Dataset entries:
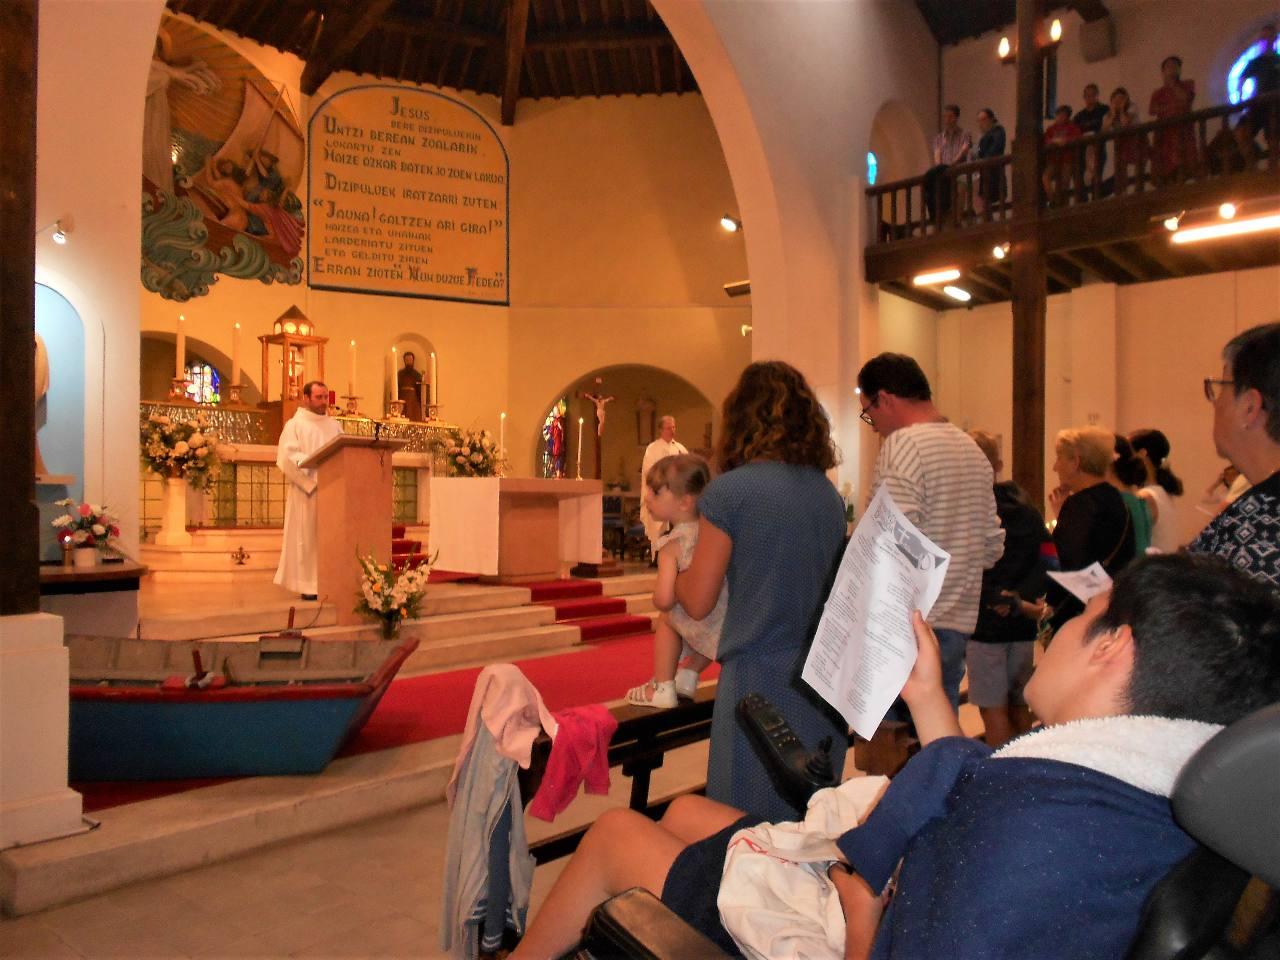 Le credo chanté à deux voix, l'abbé Jean-Marc et Iban séminariste dont c'était la dernière messe de son année dans notre paroisse
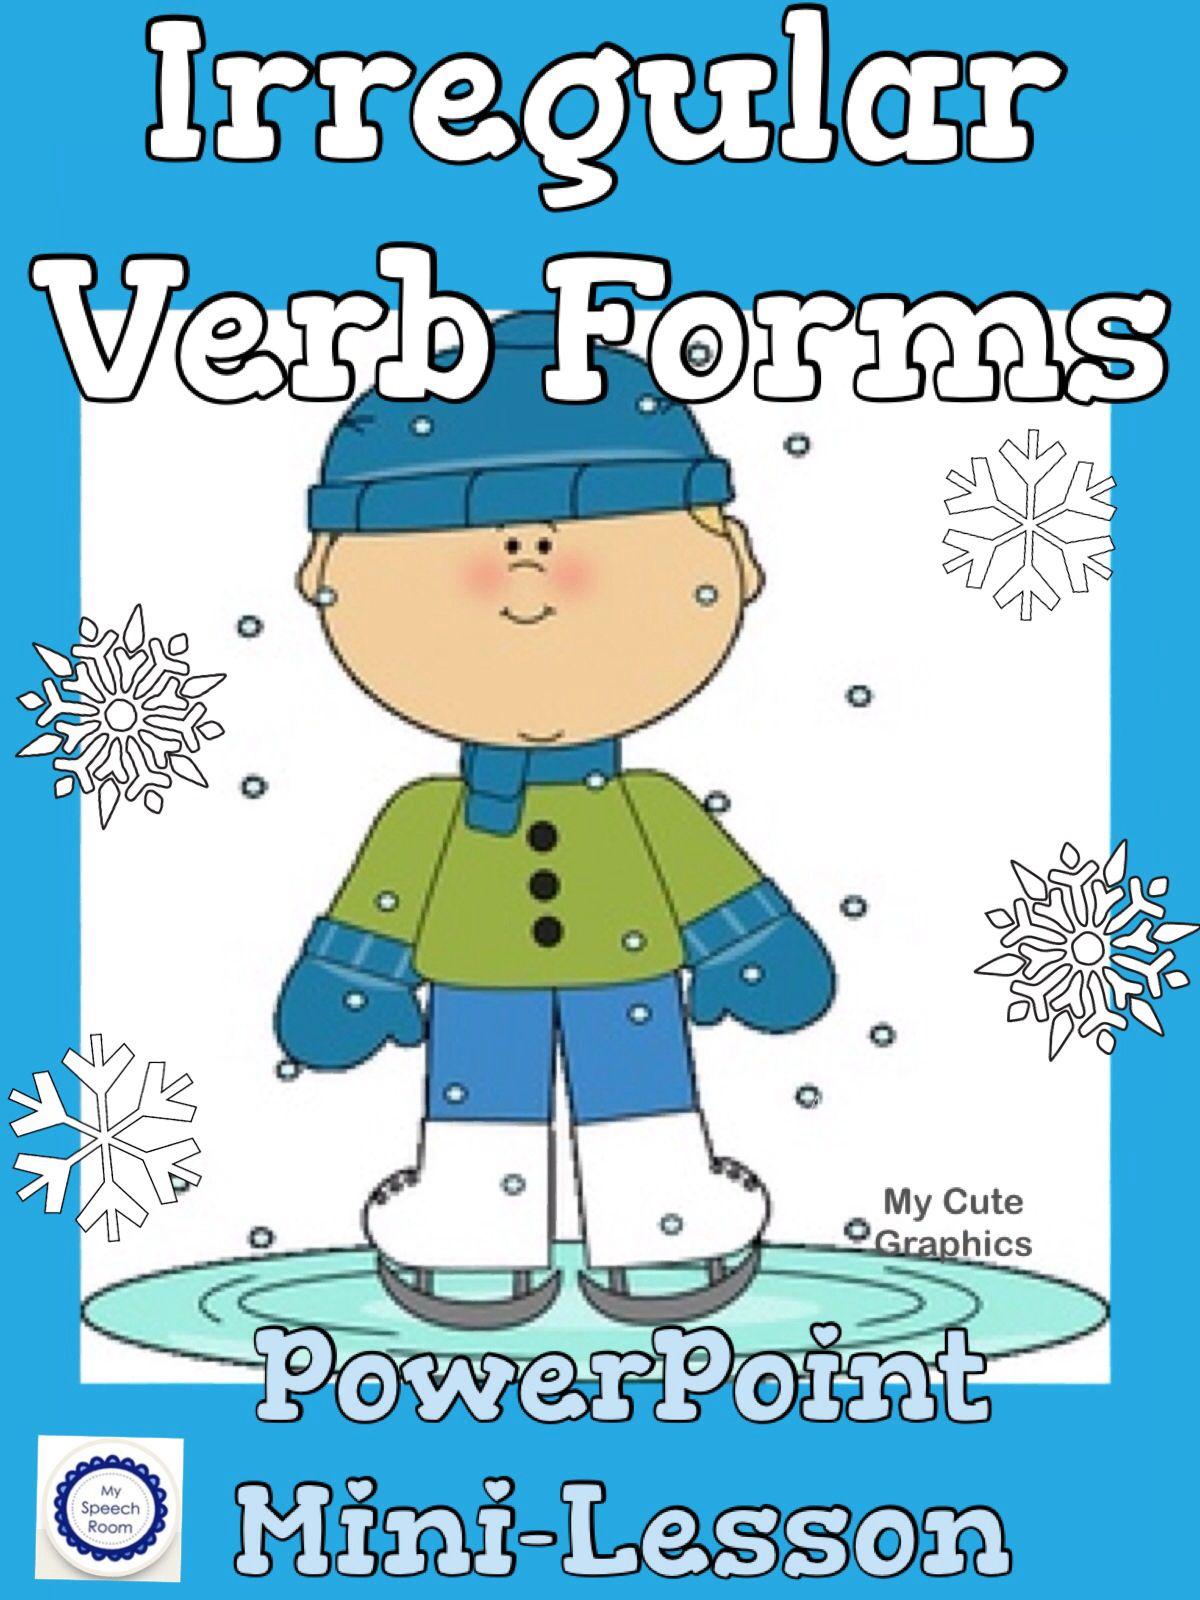 Winter Fun Irregular Verbs Interactive Powerpoint Activity Ccss L 2 1d L 3 1d
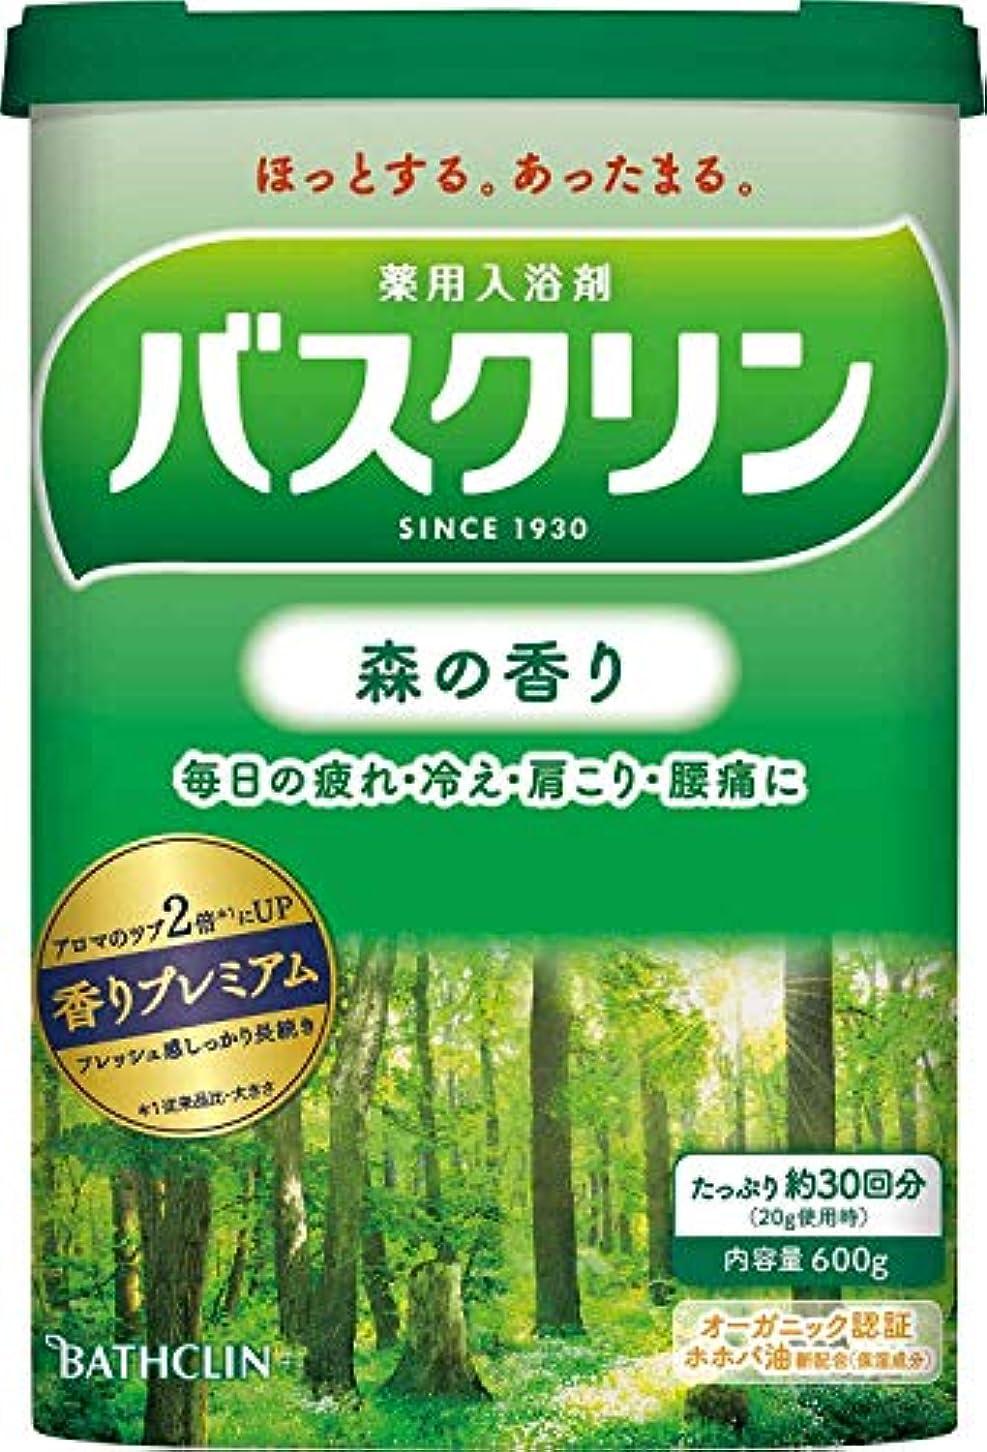 【医薬部外品】バスクリン森の香り600g入浴剤(約30回分)
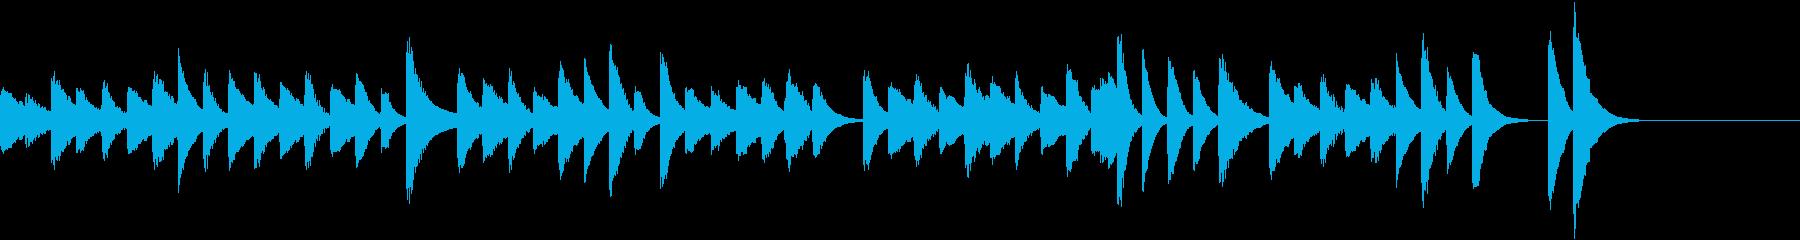 お料理動画にぴったり!軽快ピアノジングルの再生済みの波形
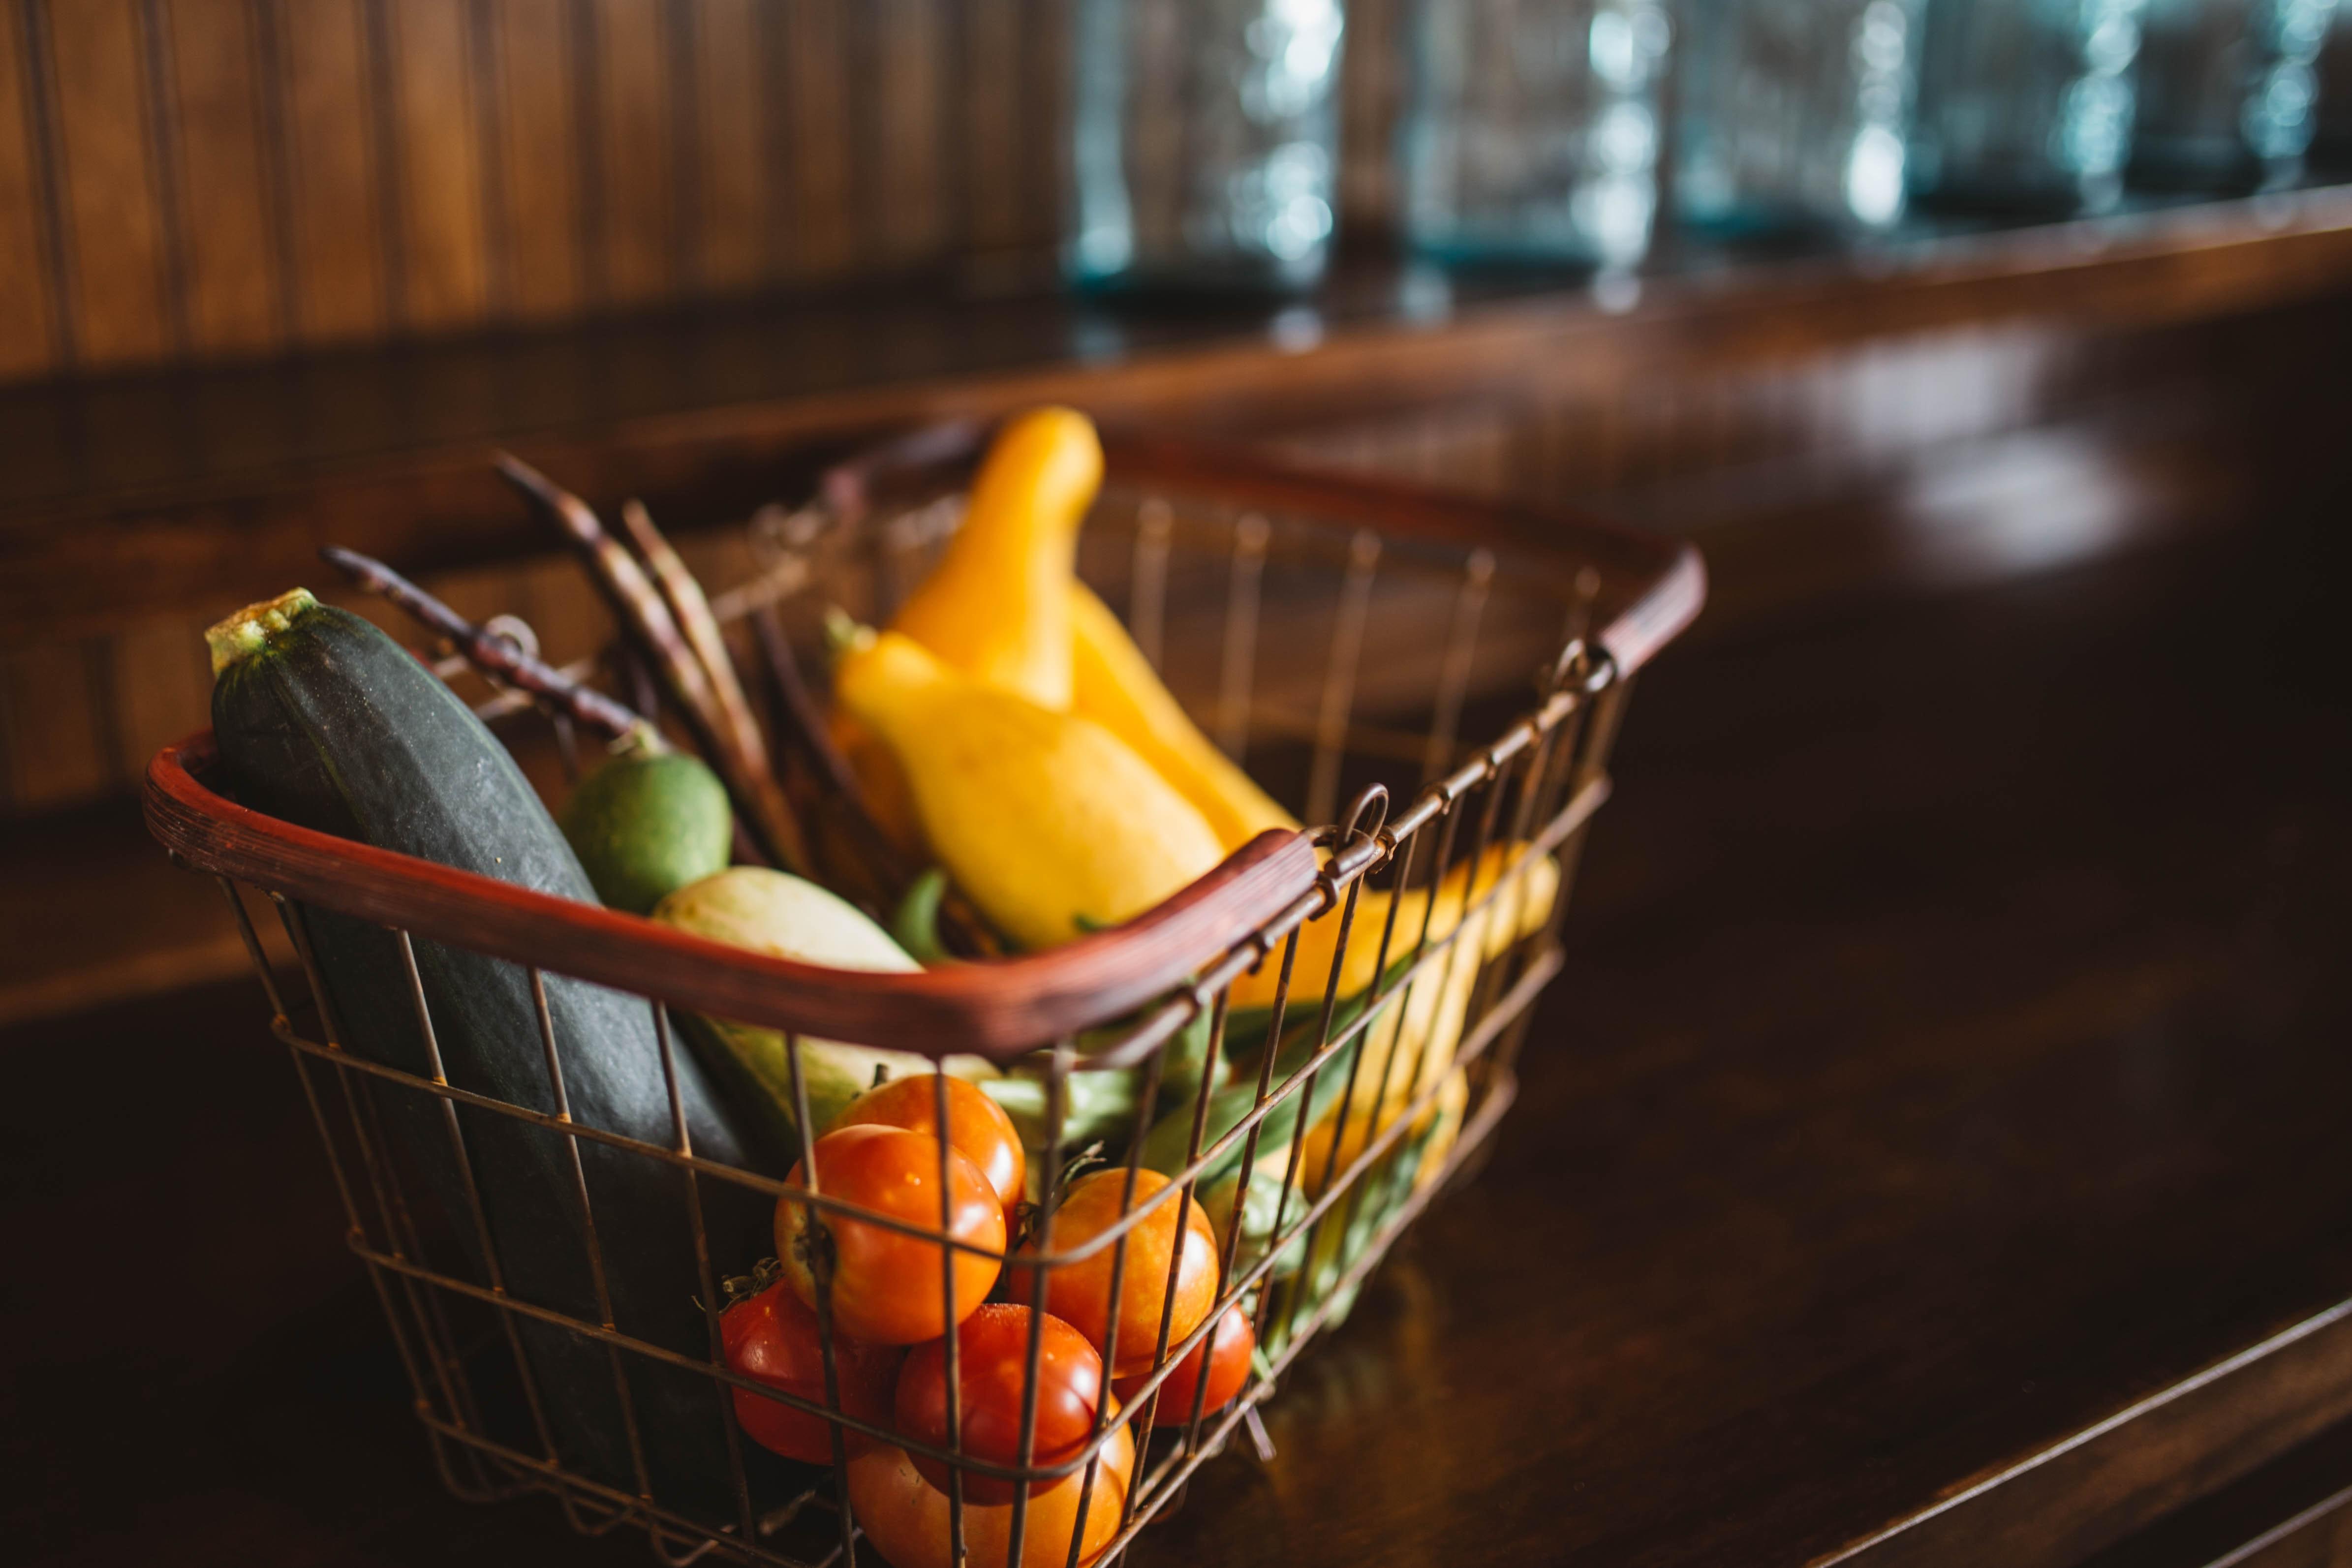 Fødevarestyrelsen, frugt, lukket butik. (Foto: Unsplash)

**WORK INSTRUCTION:**
After locating the line with "お料理動画にぴったり!軽快ピアノジングルの再生済みの波形", transcribe it and the rest of the data above exactly as written, without any picture.

**REPLY TO THE TASK:**
 お料理動画にぴったり!軽快ピアノジングルの再生済みの波形
 Fødevarestyrelsen, frugt, lukket butik. (Foto: Unsplash)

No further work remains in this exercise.